Выбрать главу

— А тебе незачем обо мне беспокоиться. Моя шея — мой и хомут, — громыхнул Серафим Гаврилович и повесил трубку.

Домой он пришел в отменном настроении. Сев за стол, хвалил даже ту еду, к которой относился скептически: подумаешь, блюдо — салат из помидоров. А нынче и салат пошел, кстати, добротный салат — в нем и зеленый лучок, и укроп, и мелко накрошенный чеснок, и подсолнечное масло из жареных семечек. Анастасия Логовна подумала было, что муж пропустил маленькую. Так нет, у него и от малой порции зрачки расползались в разные стороны, а сегодня они на месте, по центру.

Часам к пяти, когда приехал старший сын, Серафим Гаврилович совсем разомлел. Балагурил, рассказывал анекдоты, к которым особого пристрастия не питал, потому что воспроизводил их неумело, и вообще был шумлив как никогда. Надоев самому себе, притащил гитару, заставил Юрия играть. Юрий, еще будучи школьником, освоил этот инструмент, а в армии пристрастился к нему и считался в своем подразделении первым гитаристом. Приятные старинные мелодии, сопровождаемые негромким речитативом Юрия, привели Серафима Гавриловича в лирическое настроение. Он сам стал подтягивать сыну, потом и Борис включился. Старательно, самозабвенно пели Рудаевы. «Рушнычок» сменила «Калитка», за «Коробейниками» последовала «Сыва зозуля».

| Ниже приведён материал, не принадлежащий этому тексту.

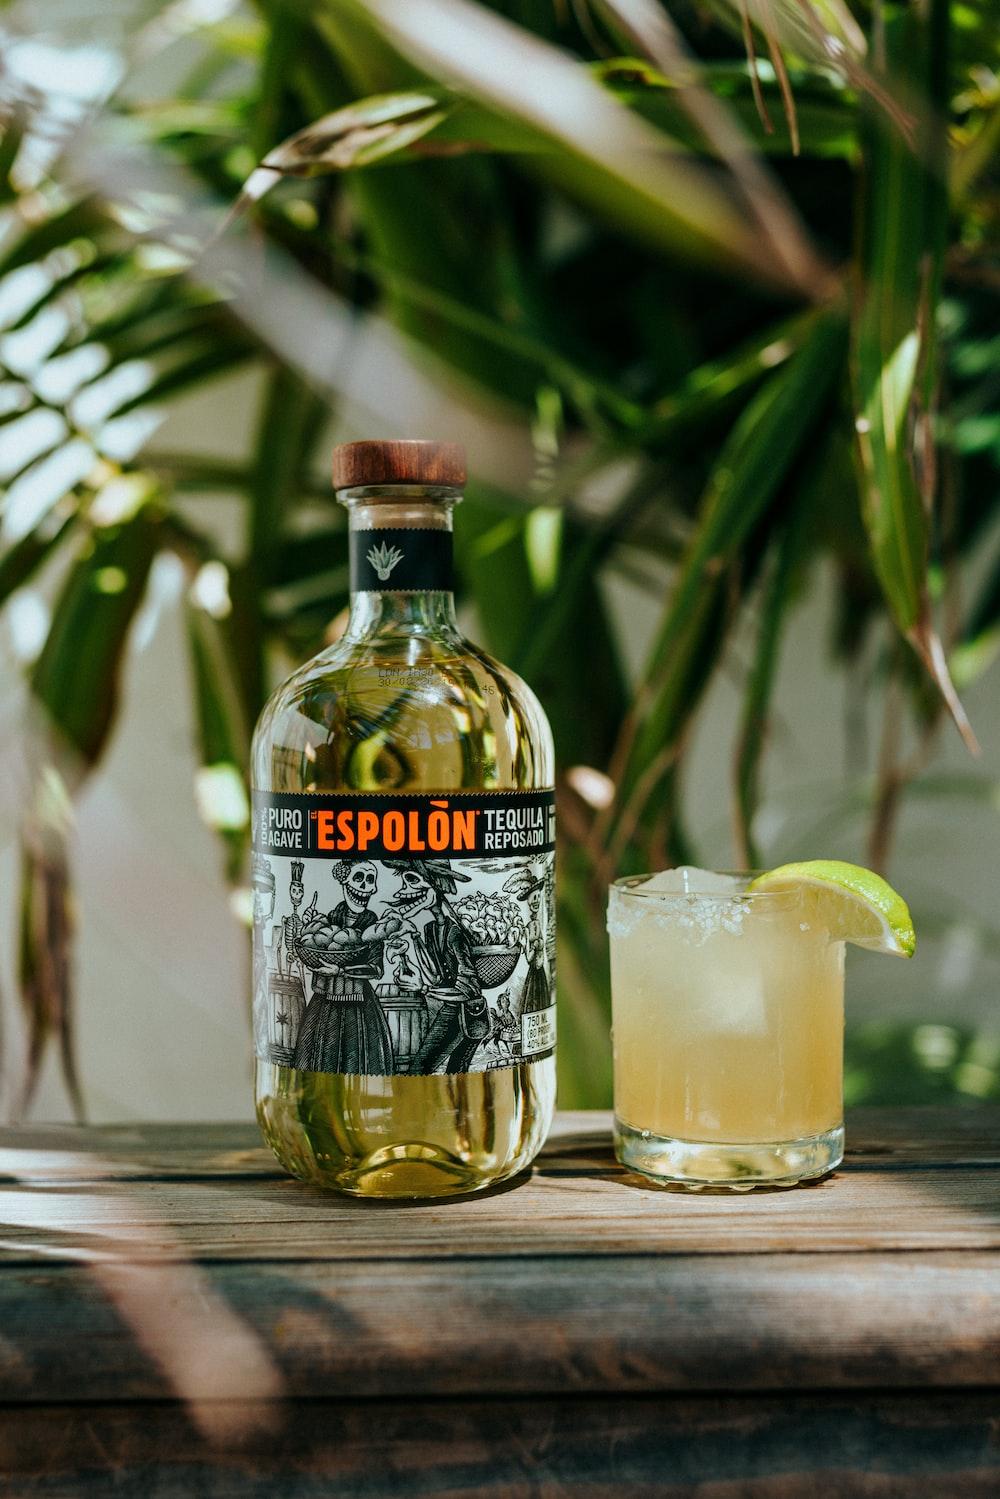 Espolòn Tequila bottle beside cocktail

С умилением смотрела на мужчин Анастасия Логовна, смотрела и сама преображалась. Загорелись, помолодели глаза, зарумянились щеки, заколыхались от покачивания головой бирюзовые, слезой, сережки в ушах — нет, не все еще утрачено, остались от девичества и задор, и загнанная внутрь веселость.

Притихли они где-то в седьмом часу. Вспомнив, что надо заняться делом, Борис провозгласил: «Стоп!», достал из портфеля чистую тетрадь и попросил сосредоточиться.

Впервые в жизни Анастасия Логовна увидела своего всезнающего мужа в роли внимательного ученика. Ученик этот, правда, частенько перебивал сына своим обычным «знаю, знаю», но, когда Борис углублялся в тонкости процесса, смолкал и даже — о чудо! — не стесняясь переспрашивал.

У Анастасии Логовны были дела на кухне, но она не могла заставить себя уйти из столовой, сидела в уголке, подшивала Наташе юбку и слушала. Слова были все знакомые, порой даже казалось, что она улавливает общий смысл штудируемого, но это только казалось. С гордостью посматривала на Бориса. Рассказывает не хуже, чем профессор какой. Взглянула на сосредоточенное лицо Юрия — и затеплилась в сердце надежда: чего доброго, образумится и тоже возьмется всерьез за учебу. Борис выучился, Натка тоже, только Юрий до науки не очень прилипчив. А сейчас даже рабочему без знаний цена невысокая. Не получит хоть захудаленького диплома — так и застрянет на всю жизнь подсобником.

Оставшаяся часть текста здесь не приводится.